[[ DATA open ]]

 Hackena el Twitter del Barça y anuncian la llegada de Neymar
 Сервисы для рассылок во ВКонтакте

[[ DATA closed ]]
[[ DATA open ]]

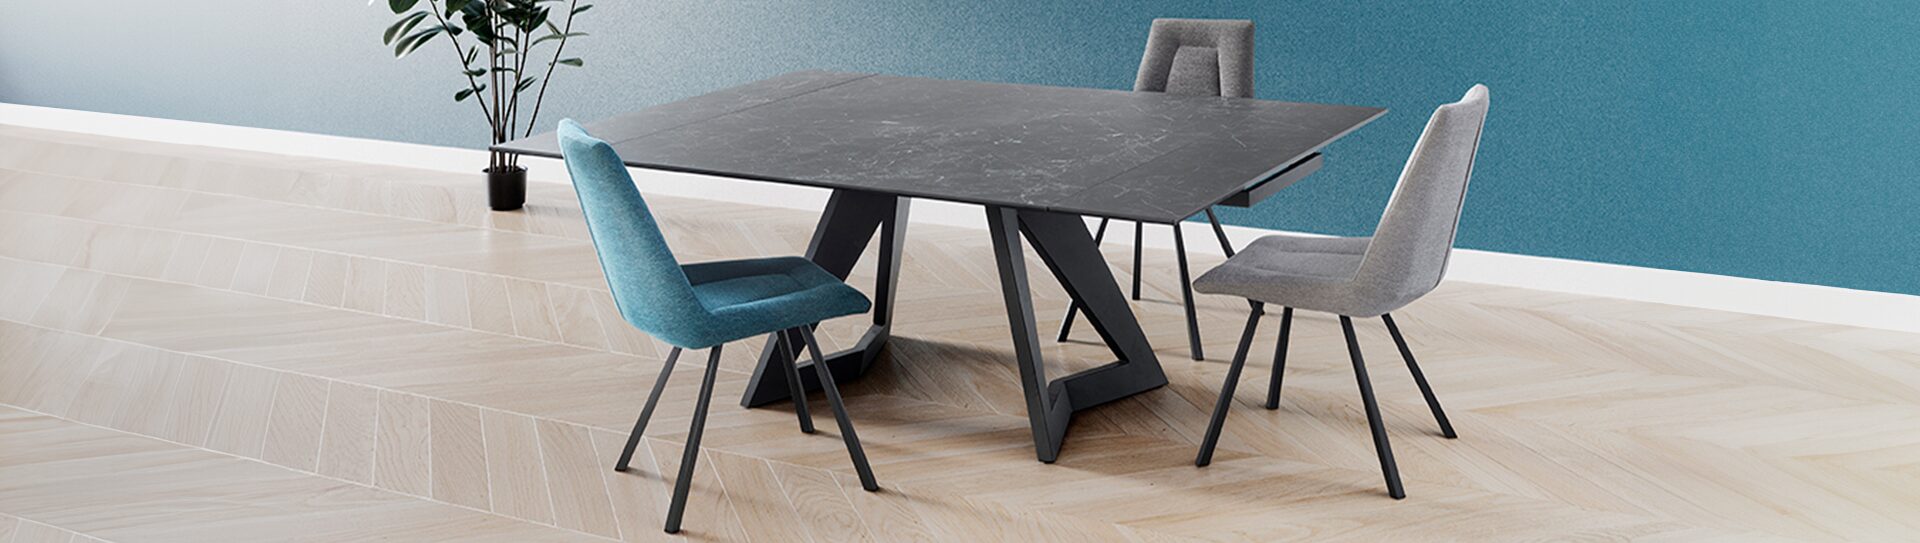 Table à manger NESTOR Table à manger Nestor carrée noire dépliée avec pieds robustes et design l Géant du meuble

[[ DATA closed ]]

Reproduce exactly the section above that begins at the line containing "Hackena el Twitter" and ends at the line containing "Сервисы для рассылок во ВКонтакте", leaving out all other lines.

 Hackena el Twitter del Barça y anuncian la llegada de Neymar
 Сервисы для рассылок во ВКонтакте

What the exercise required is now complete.